Primor is a Hungarian title of nobility of Székely origin. It was the highest-ranking title in Székely aristocracy, and is usually compared in rank with the Western titles of count and baron. Synonyms sometimes found in older sources are főnemes (chief noble), főúr (chief lord), or főszékely (chief Székely).

== Origins ==
Traditionally, on paper, all Székely were considered nobles. Their nobility was derived from their settlement in Székely Land as terra nullius (not yet belonging to anyone, including to the Hungarian king). Being nobles, all members of Székely society were personally bound to take up arms in defence of their country (Székely Land at the time forming the Eastern border of Hungary, and in part of Christian Europe). According to their ability to do so, they were divided into three categories. The pixidarii (commoners) were those who had a small plot of land, but did not have a horse, and as such were enlisted as infantrymen. The wealthier primipilus, also called lófő ("chief horsemen") or equites, comparable to knights, and bound to take part in battle as cavalry soldiers. The primores, finally, were nobles with considerable land and wealth, and as such, were expected to provide an armed force.

Later, the primors began to expand their power over the other two groups, attaining a status comparable to the higher aristocracy of medieval Hungary. Under King Matthias, during the 15th century, the primores' status was codified in law. Conversely time, the pixidarii (commoners) were gradually reduced to de facto peasants. Under Stephen Bathory, in the 16th century, pixidarii were no longer exempt from paying taxes, barred from becoming elected officials and could be forced to work as serfs, de jure completing this process. After Hungary came under Habsburg rule, Holy Roman Emperor Leopold I in his 1691 Diploma Leopoldinum confirmed the validity of Transsylvanian noble titles, including the primores.

== Etymology ==
The word 'primor' is postulated to have come from Latin primus, or 'first', possibly as 'the first in line of battle'.

== Legal status ==
The still valid 1947 Statute IV regarding the abolition of certain titles and ranks abolished all titles of Hungarian aristocracy, specifically including primor. It is currently prohibited in the Republic of Hungary to use the title.

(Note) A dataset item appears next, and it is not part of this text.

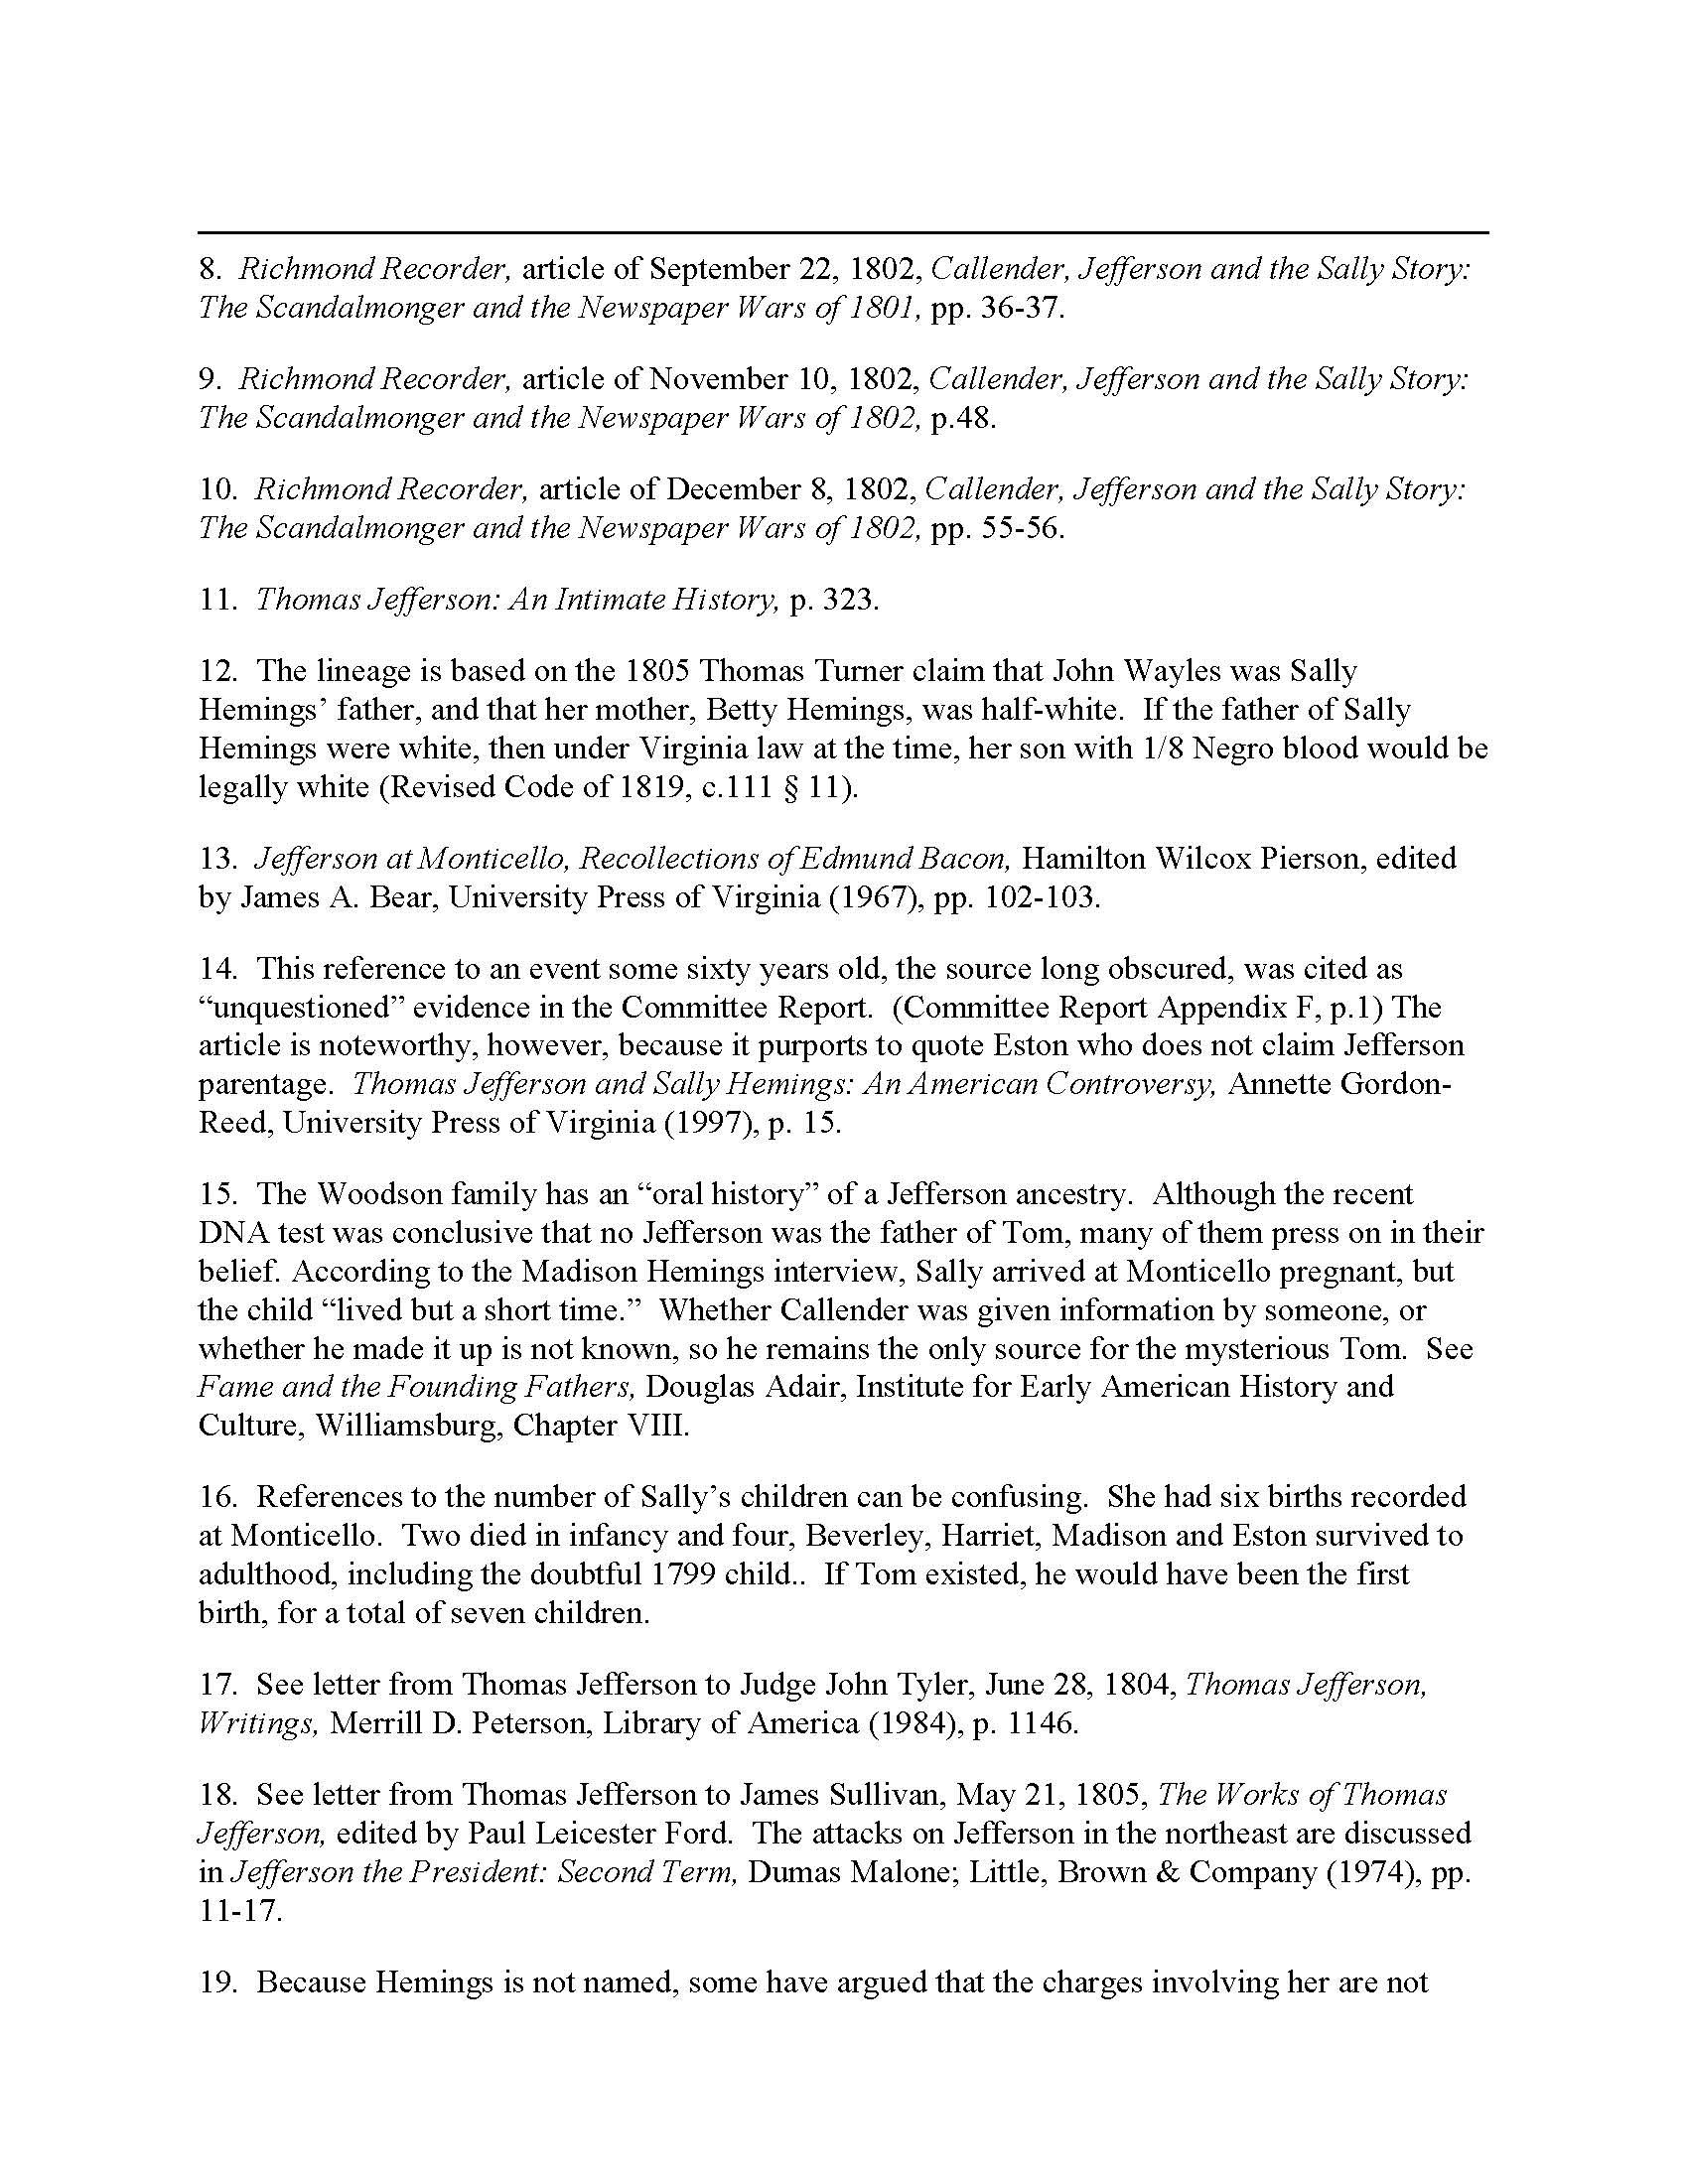 TrialAnalysis_Page_23.jpg

Before the Communist era, the royal minister of internal affairs regulated the use of the title of primor. One was legally considered a primor, if one could prove to be a direct descendant of a family that was considered part of the high Székely aristocracy in 1713 or before, or could provide a princely diploma granting status into high Székely aristocracy to one of his proven direct ancestors.

== Families holding the title ==
Among families holding the primor title are:
- Apor family (Apor de Altorja, Apor de Zalán)
- Pállfy family (Pállfy ab Erdőd)
- Mikes family (Mikes de Zabola)
- Kálnoki family (Kálnoki de Köröspatak)
- Andrássy family (Andrássy von Csikszentkirály)
- Bocskai family
- Csoma family (Csoma de Gelencze / Gelence)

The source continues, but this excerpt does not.